My Blank Pages III: The Art of Data Science

largeI recently finished reading The Art of Data Science by Roger Peng & Elizabeth Matsui. Roger, together with Jeff Leek, writes the Simply Statistics blog and he works at JHU with Elizabeth.

The aim of the book is to give a guide to data analysis. It is not meant as a comprehensive data analysis “how to”, nor is it a manual for statistics or programming. Instead it is a high-level guide: how to think about data analysis and how to go about doing it. This makes it an interesting read for anyone working with data.

I think anyone who reads the Simply Statistics blog or who has read the piece Roger and Jeff wrote for Science, will be familiar with a lot of the content in here. At the beginning of the book, I didn’t feel like I learned too much. However, I can see that the “converted” are maybe not the target audience here. Towards the end of the book, the authors walk through a few examples of how to analyse some data focussing on the question in mind, how to refine it and then how to start the analysis. This is the most useful aspect of the book in my opinion, to see the approach to data analysis working in practice. The authors sum up the book early on by comparing it to books about songwriting. I admit to rolling my eyes at this comparison (data analysis as an artform…), but actually it is a good analogy. I think many people who work with data know how to do it, in the way that people who write songs know how to do it, although they probably have not had a formal course in the techniques that are being used. Equally reading a guidebook on songwriting will not make you a great songwriter.
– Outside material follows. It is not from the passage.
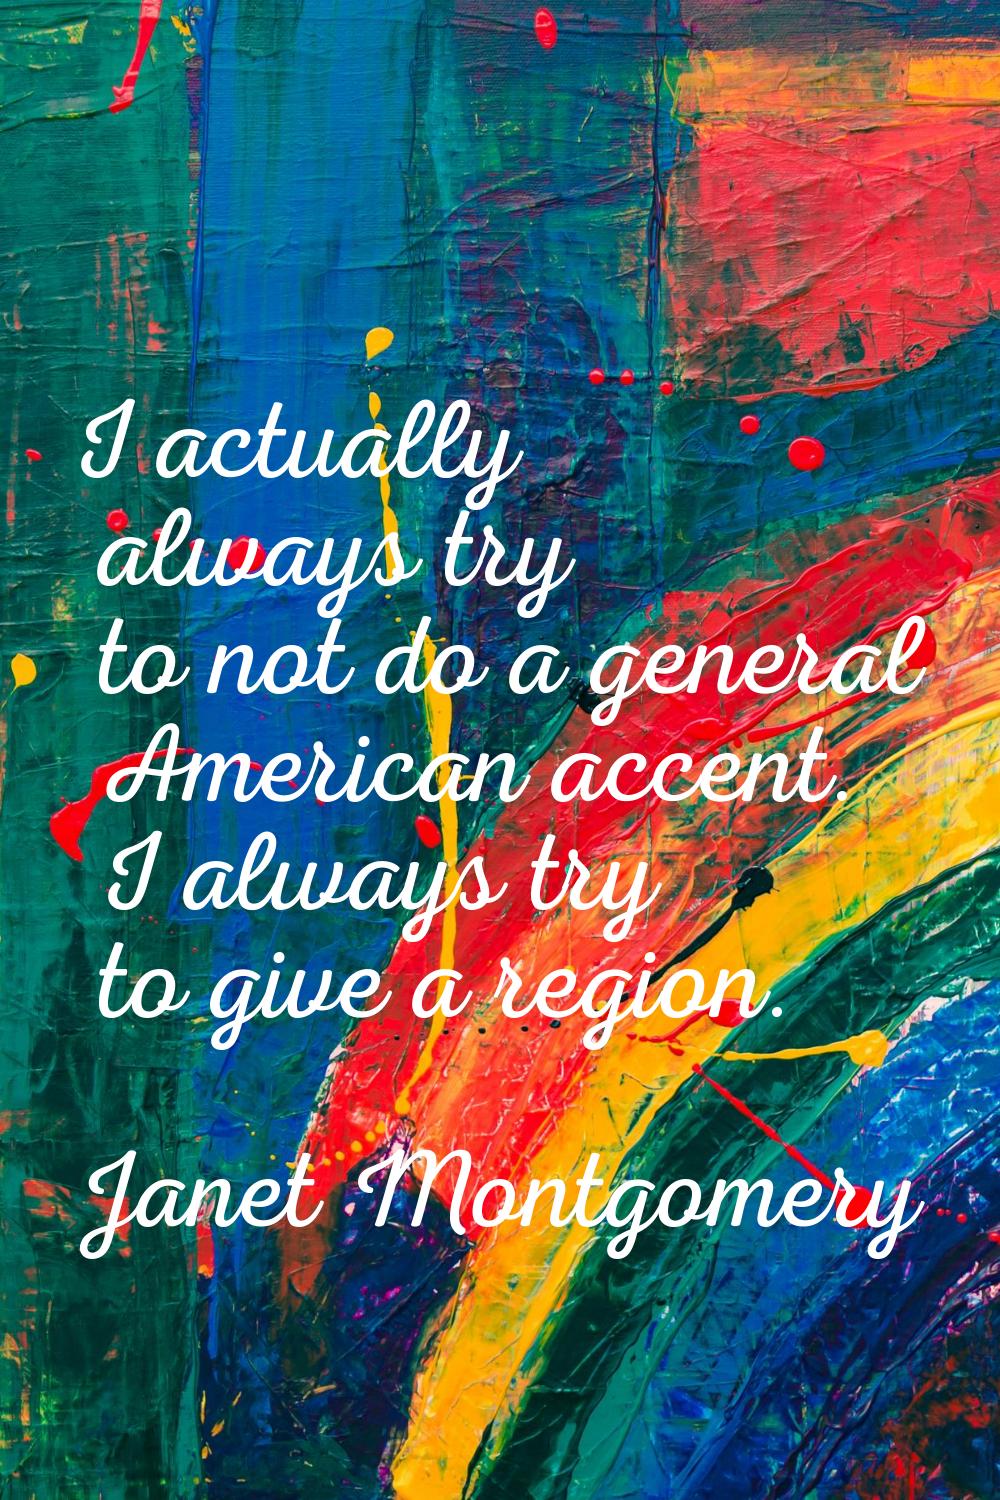 I actually always try to not do a general American accent. I always try to give a region.

A book can only get you so far, intuition and invention are required and the same applies to data science.

The book was published via Lean Pub who have an interesting model where you pay a recommended price (or more!) but if you don’t have the money, you can pay less. Also, you can see what fraction goes to the author(s). The books can be updated continually as typos or code updates are fixed. Roger and the Simply Stats people have put out a few books via this publisher. These books on R, programming, statistics and data science all look good and it seems more books are coming soon.

On a personal note: In 2014, I decided to try and read one book per month. I managed it, but in 2015, I am struggling. It is now November and this book is the 7th I’ve read this year. It was published in September but it took me until now to finish it. Too much going on…

My Blank Pages is a track by Velvet Crush. This is an occasional series of book reviews.